I know that the full consequences did not fully hit me until much, much later. And I know that it killed me to be unable to do anything. I was not even able to donate blood, which wouldn’t have helped anyway.
My emotions were all over the map.
Driving to work in Seattle, not understanding the Radio broadcasts. Got to work and saw the second plane hit.
Bought guns. Moved to North Dakota. Joined CAP.
Our host had recently been in Alaska and quite by coincidence had picked up some Osama Bin Laden wanted posters in the post office. This was well before 9/11. We went into town and distributed them for free to the shops, bars, etc., and suggested that if anyone came in to buy them that the money be sent to the Red Cross. Two days later my friend got a phone call from the Red Cross telling him to stop or that they would take legal action against him. We were shocked and dismayed by this, but having seen how far political correctness has gone since 9/11, I just feel sad about it.
I was in a hotel. Checked my email around 6 Pacific time, found an email from a friend saying TURN ON YOUR TV RIGHT NOW. I did, and after a few minutes the towers started collapsing.
I stayed around for a while, then left to go to a meeting. As I was exiting the hotel lobby, a couple dozen flight attendants, stewards and pilots came in the door, having been bused there from the nearby airport since all flights were cancelled. The looks on their faces is not something I’ll soon forget.
I just woke up, turned on the TV to the Today Show while still in bed like I did every morning to see what’s going on in the world. The second plane was just hitting. i thought “our lives will never be the same”.
What a horrible time....so many innocent people. But just as bad....we’ve just elected a POTUS who says he’ll stand with the Muslims and who sat in Jeremiah Wright’s “church” for 20 years, who bowed to the Saudi King!!! What is wrong with us?????
Calculus class, senior year of high school.
The state senator’s son (a classmate of mine) came in about an hour late an announced it, we turned on the TV, and the teacher said “let’s get back to our studies, we’ll check it again at the end of class.”
When we turned the TV on again and I saw that 2nd tower smoking, I knew then and there we were at war.

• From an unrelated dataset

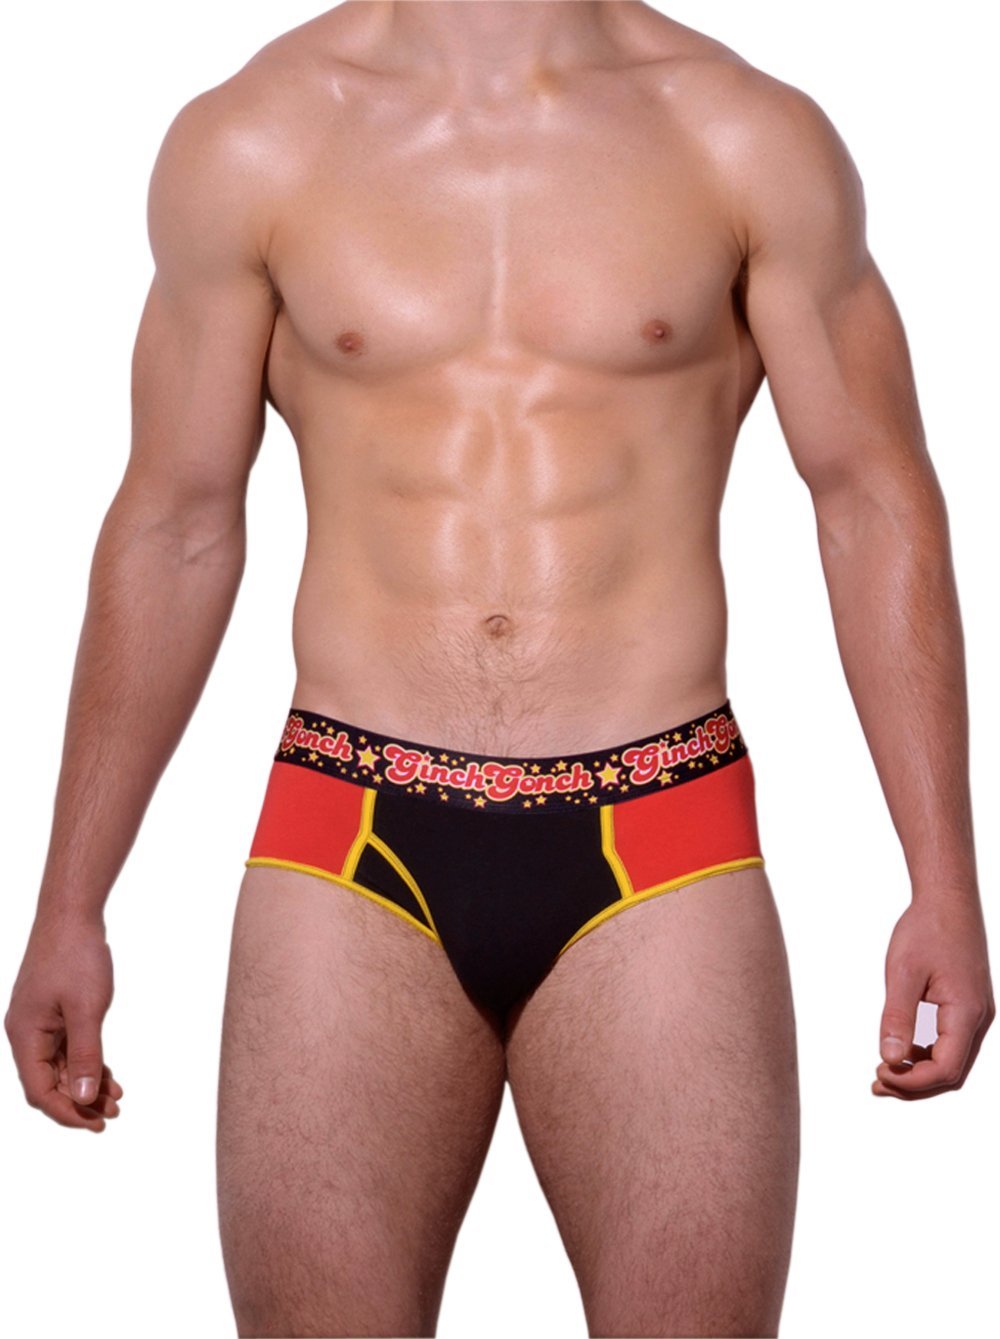 Atomic Fireballs Brief Men's Underwear Red and Black panels yellow trim printed waistband front
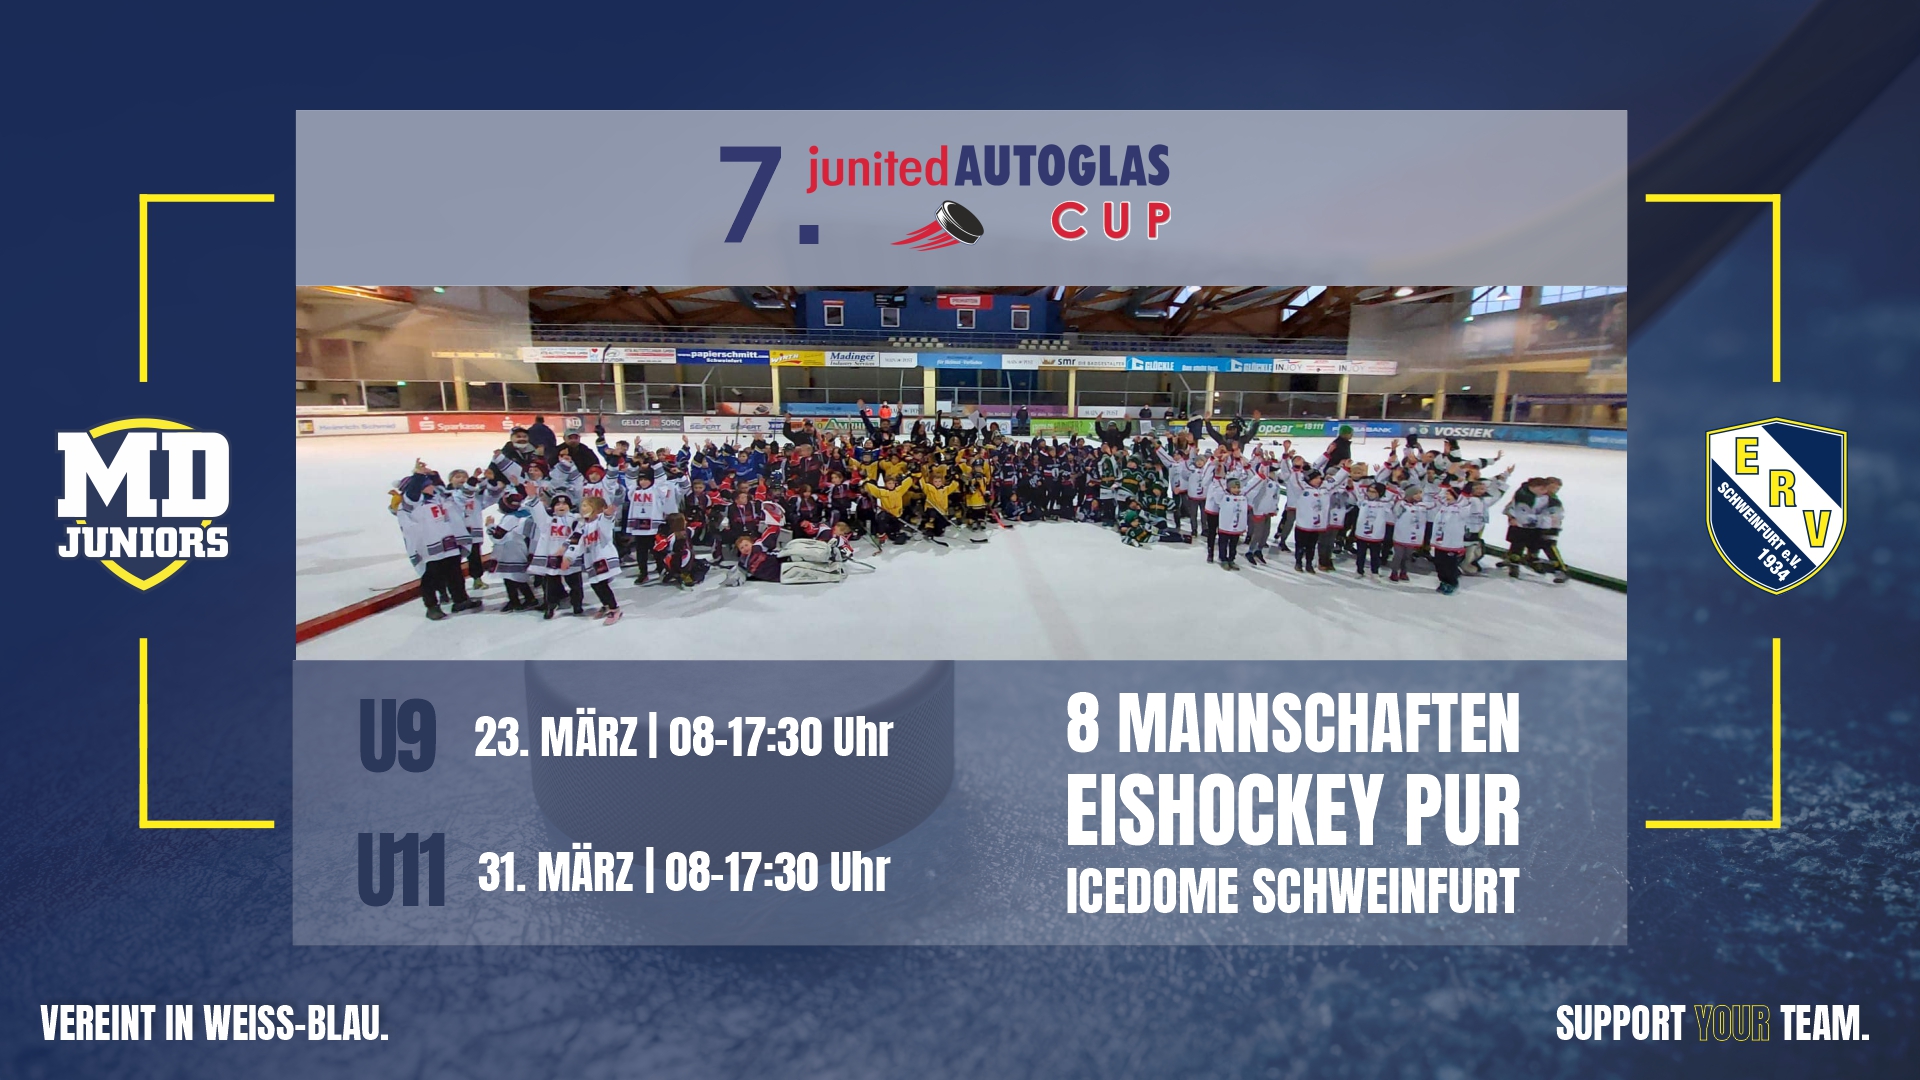 7. junited Autoglas CUP – Eishockey Turnier Alterklasse U9 und U11

Having just done a report on him the year before, I said “it’s gotta be bin Laden”...my friend said “who?” How times have changed.
I’ll never forget the chill that ran down my spine when I saw those towers collapse on live TV.
(I watch this video at least once a year, and always on 9/11)
I got up, getting ready to work and was watching FOX. They broke in with news that a small plan had hit the World Trade Center.
The other one hit a few minutes later. Something major was happening.
I went to work. The towers came down. The pentagon got hit. The plane went down in Pennsylvania...lets roll.
We followed the news all day at work.
Hit a bar after work. Things were coming together as to what happened.
I was glad Bush was prez rather than Al.